*** GIVEN INFORMATION Section Begins ***
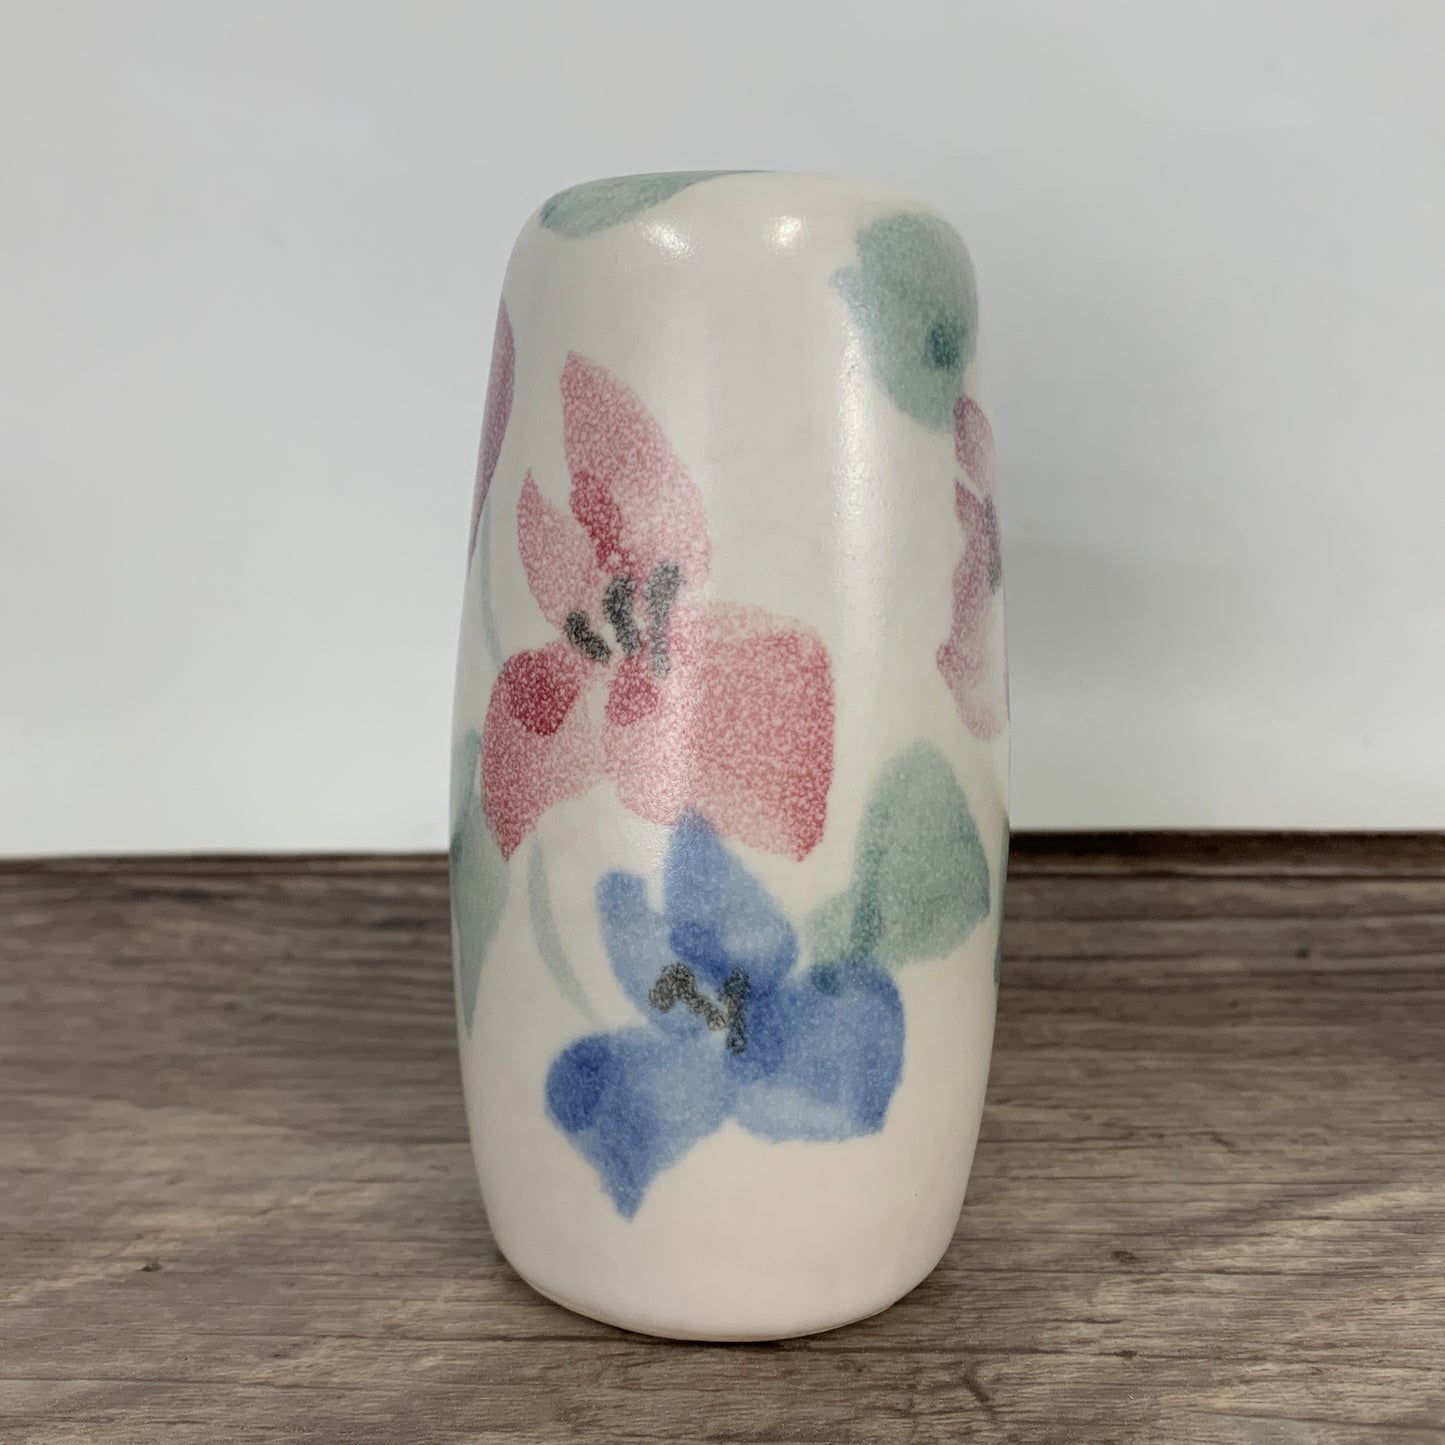 Large Ceramic Salt and Pepper with Pink and Blue Flowers, Tall Vintage Salt and Pepper Shakers
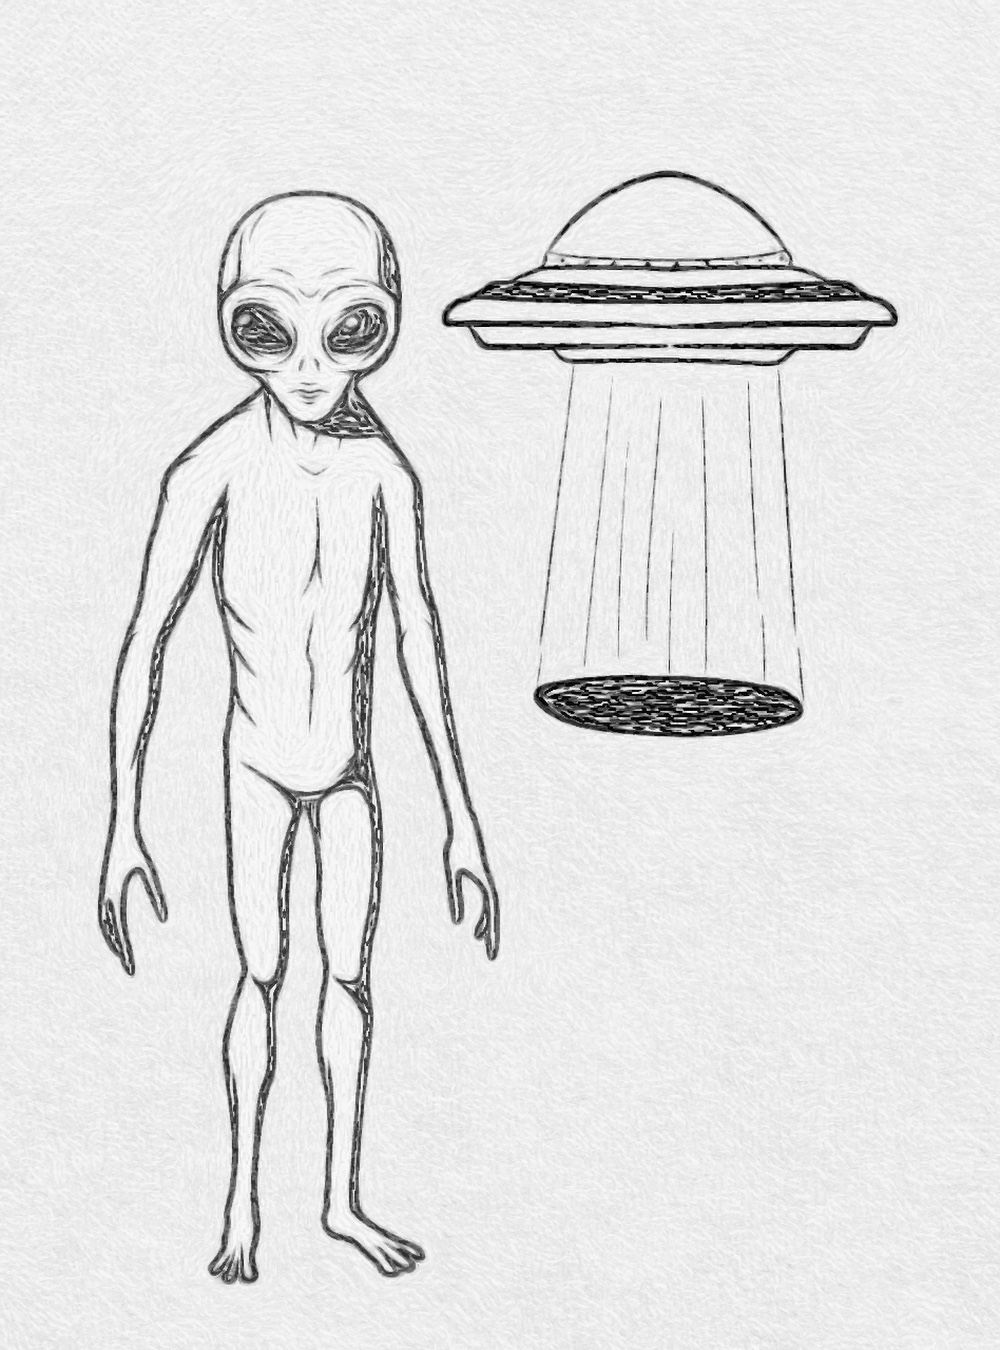 SIMPLE DRAWING OF AN ALIEN AND A SPACESHIP
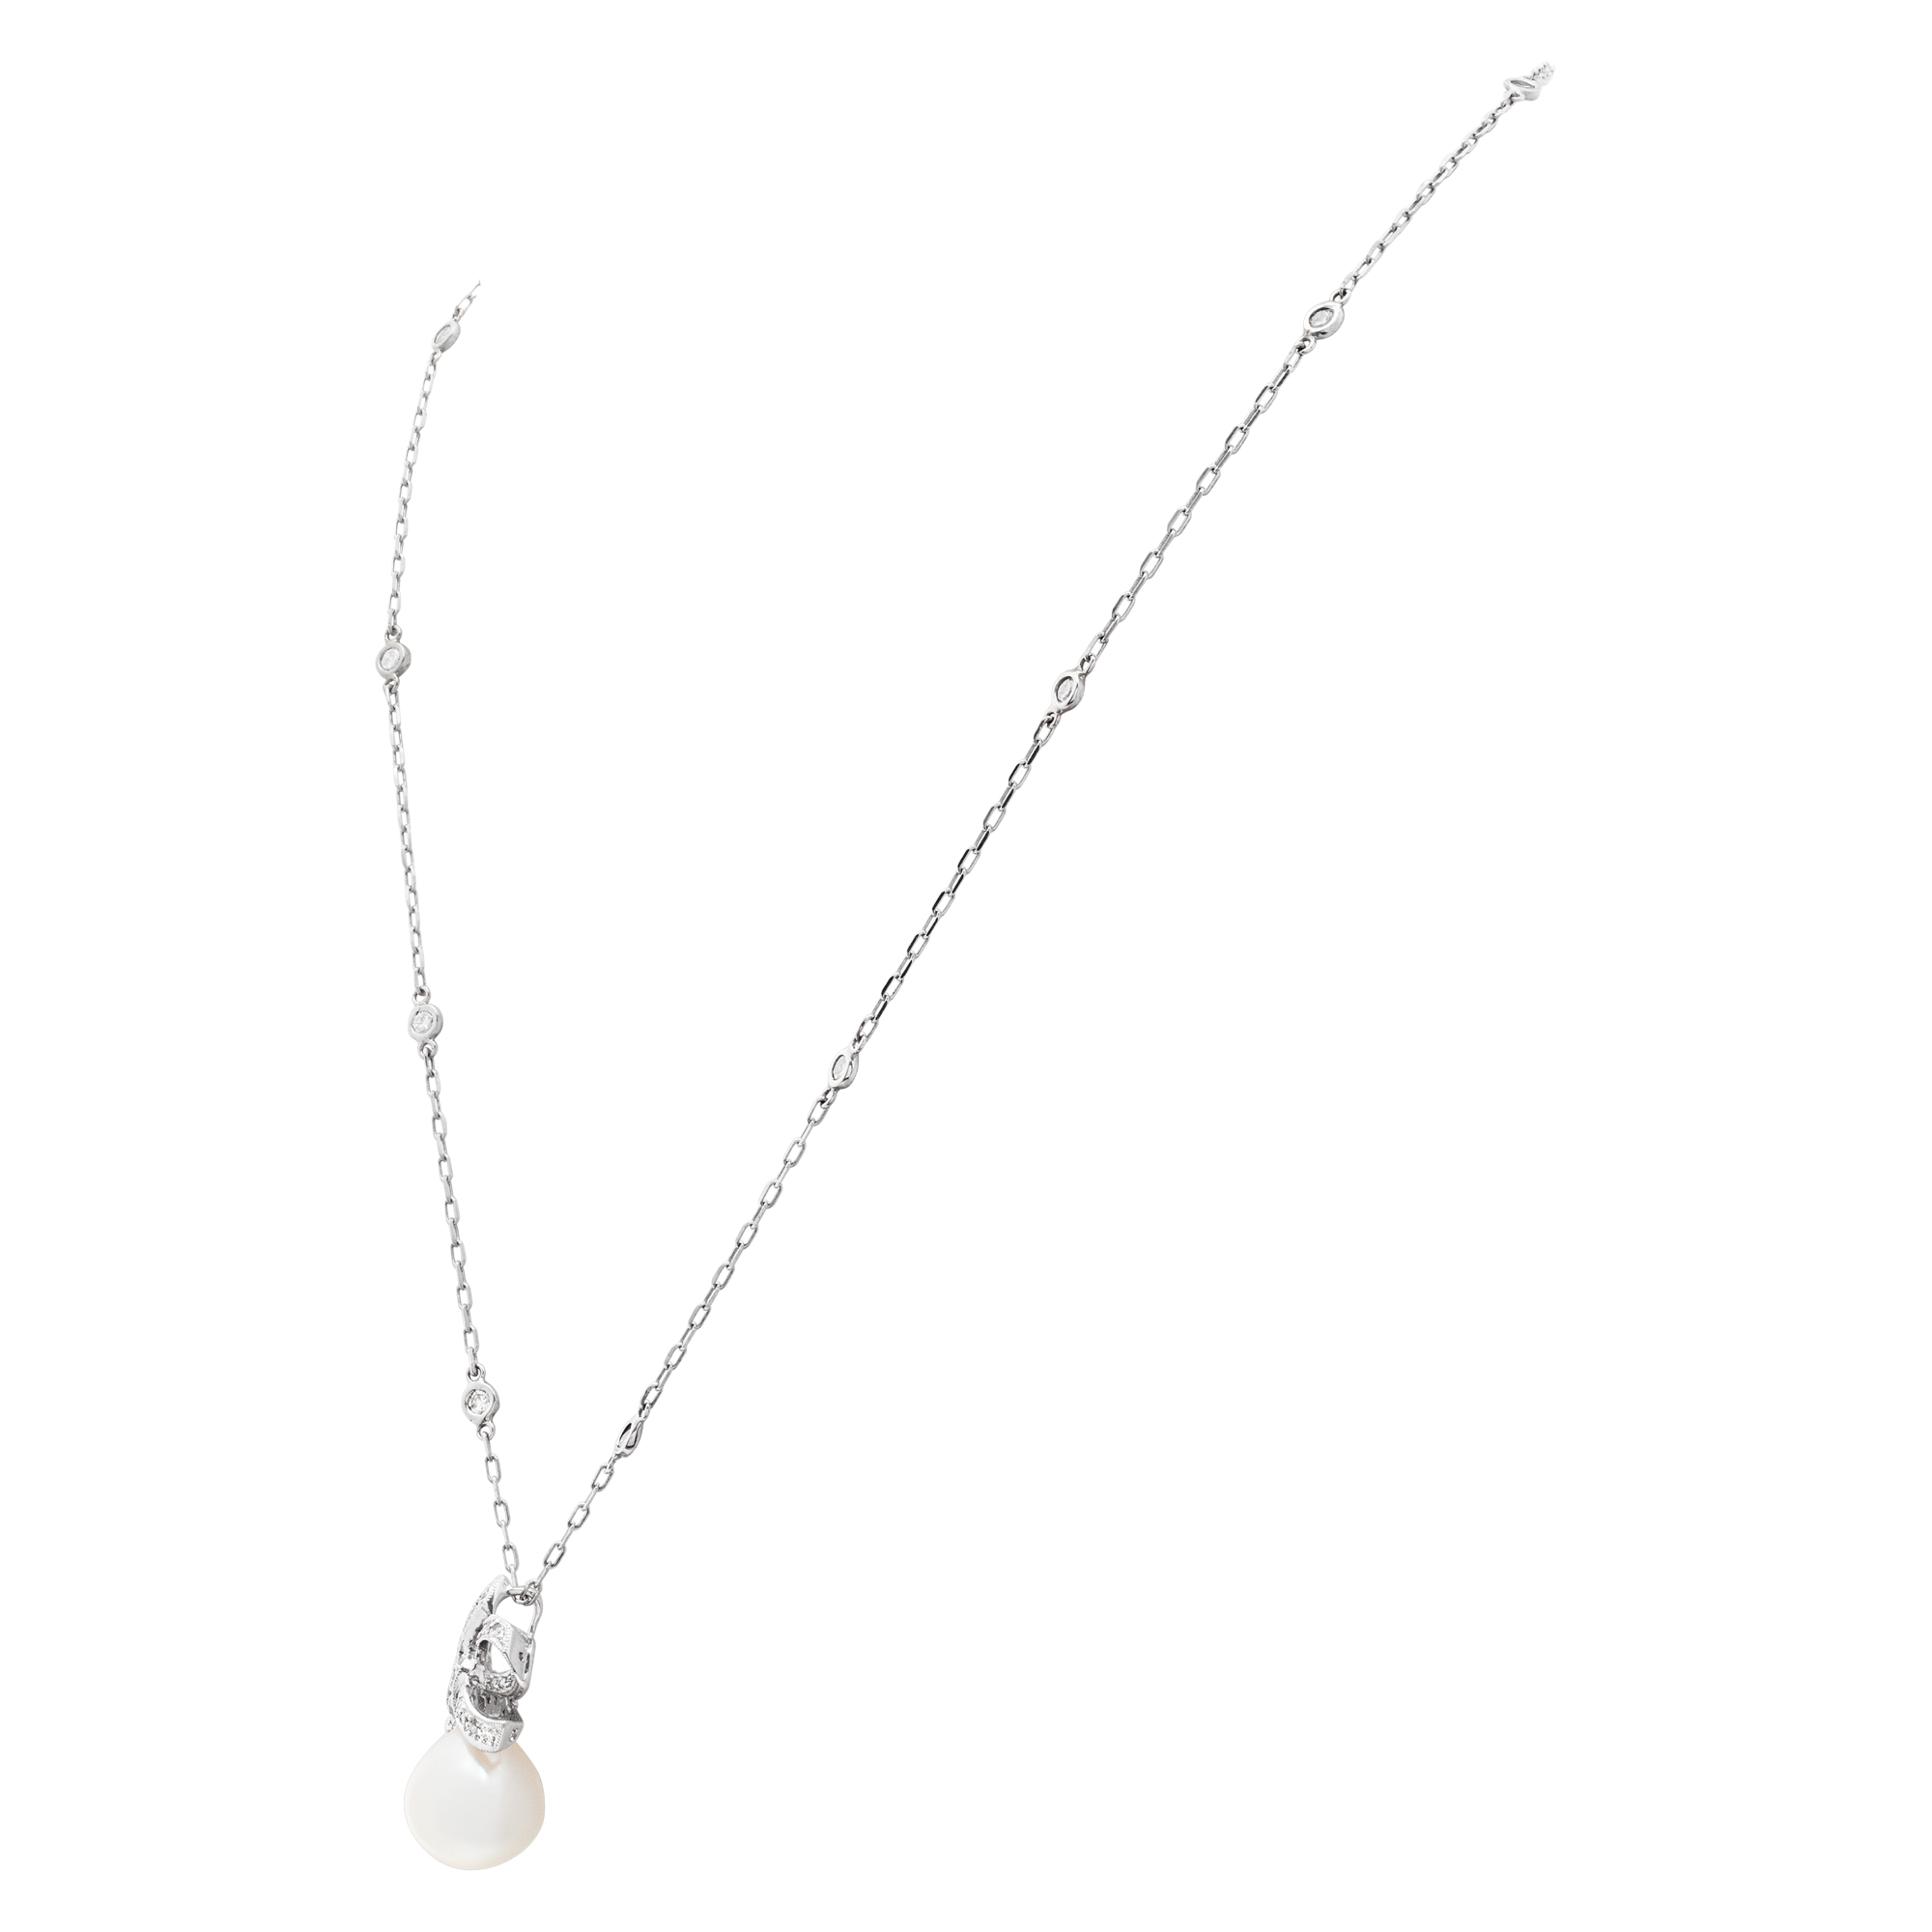 Fresh water pearl (12 x 12.5mm) and diamond pendant in 18k white gold with 14k white gold diamonds by the yard chain image 4
*** GIVEN INFORMATION Section Ends ***
All lines of the material above should be returned unchanged, but no pictures should be included.

 Large Ceramic Salt and Pepper with Pink and Blue Flowers, Tall Vintage Salt and Pepper Shakers
 SIMPLE DRAWING OF AN ALIEN AND A SPACESHIP
 Fresh water pearl (12 x 12.5mm) and diamond pendant in 18k white gold with 14k white gold diamonds by the yard chain image 4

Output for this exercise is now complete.